Aim of the task - Output the listing verbatim, leaving out every picture.

The data -
__________

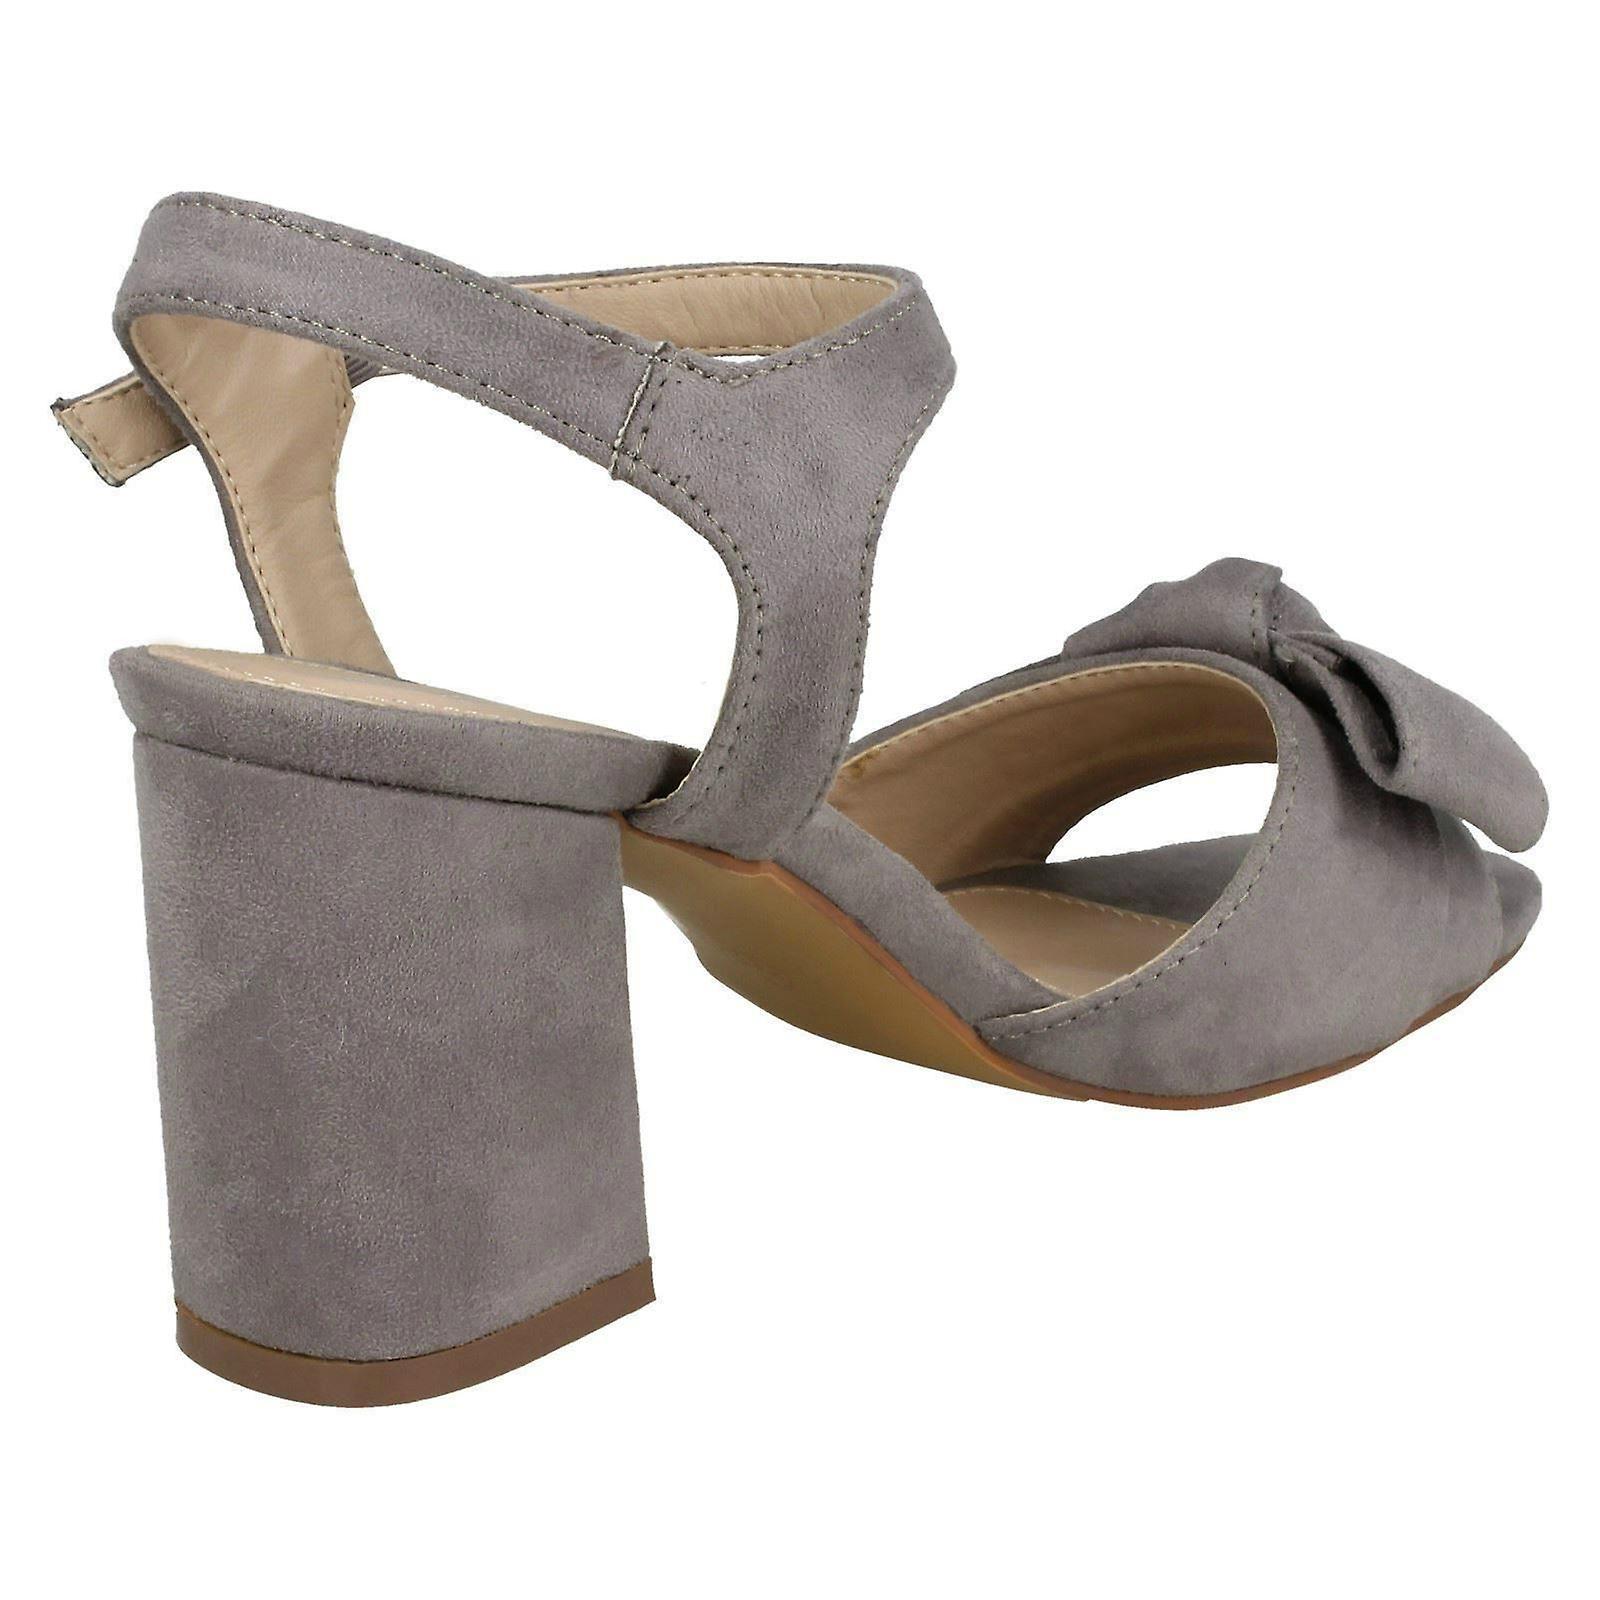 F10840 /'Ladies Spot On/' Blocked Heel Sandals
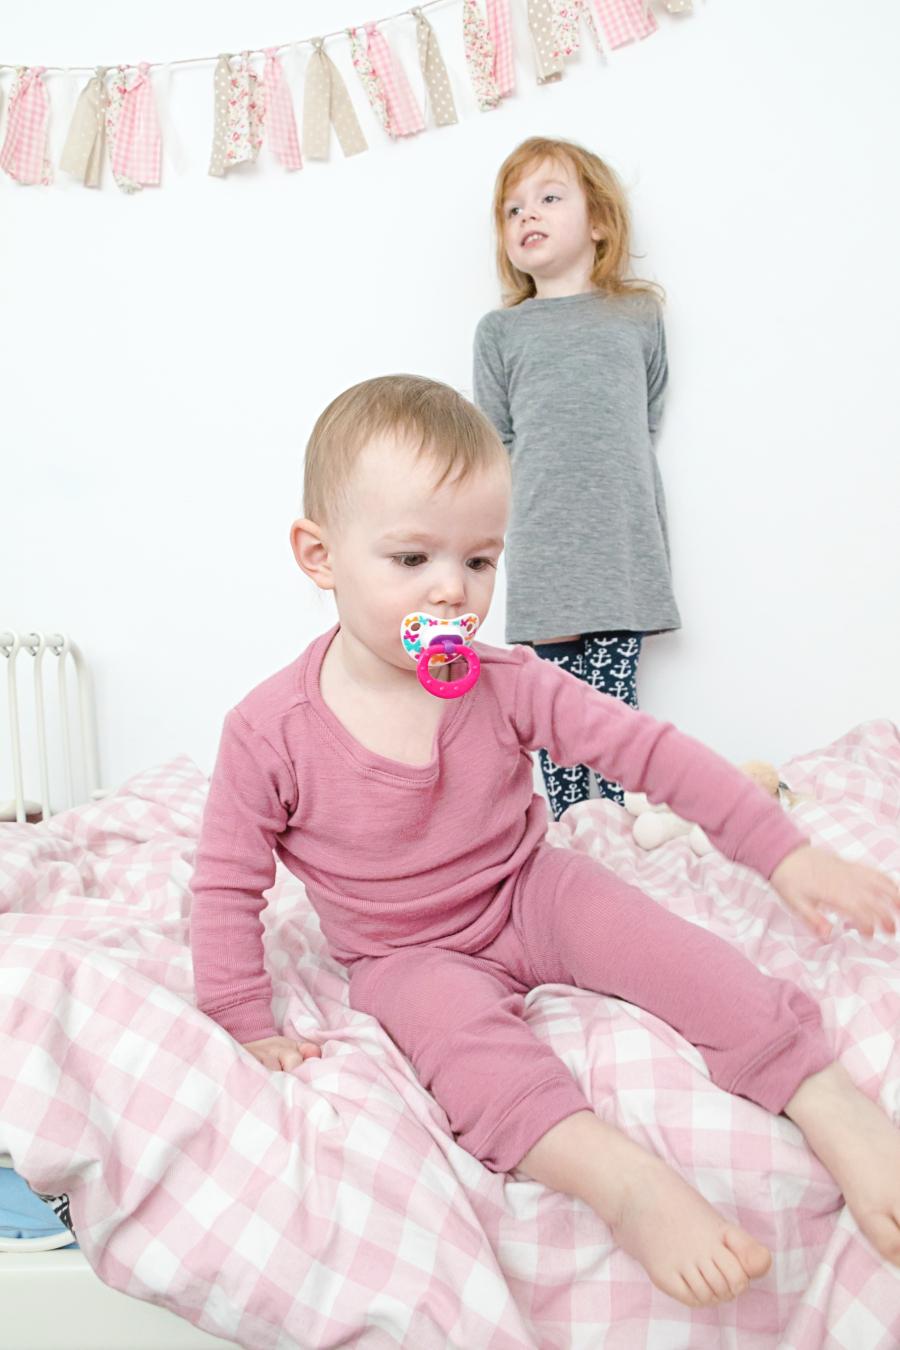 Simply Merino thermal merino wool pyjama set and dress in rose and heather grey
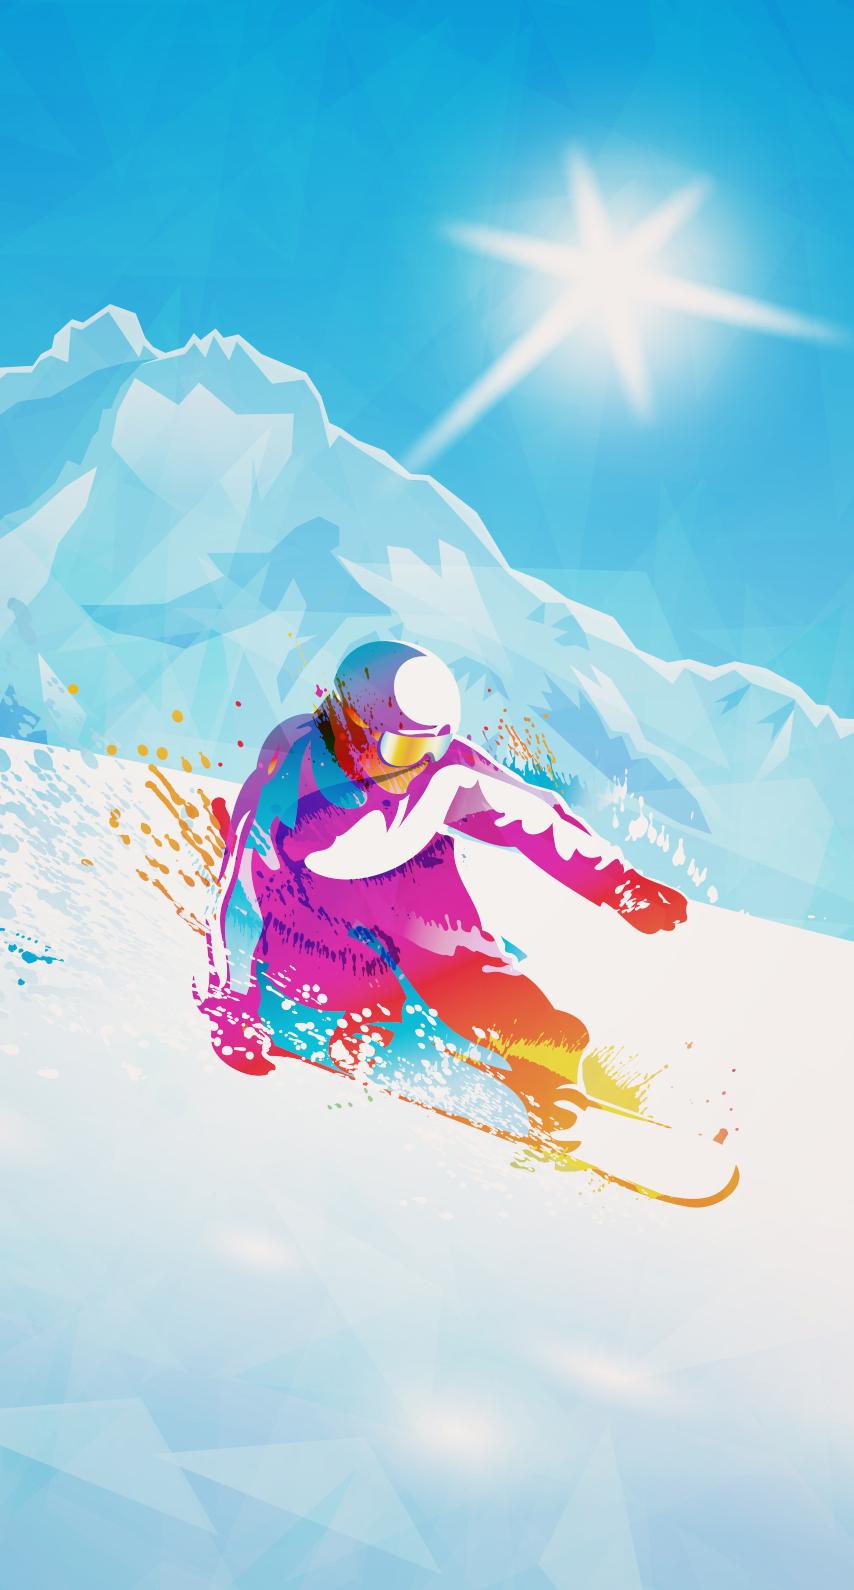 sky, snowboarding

__________

Your response -
 F10840 /'Ladies Spot On/' Blocked Heel Sandals
 Simply Merino thermal merino wool pyjama set and dress in rose and heather grey
 sky, snowboarding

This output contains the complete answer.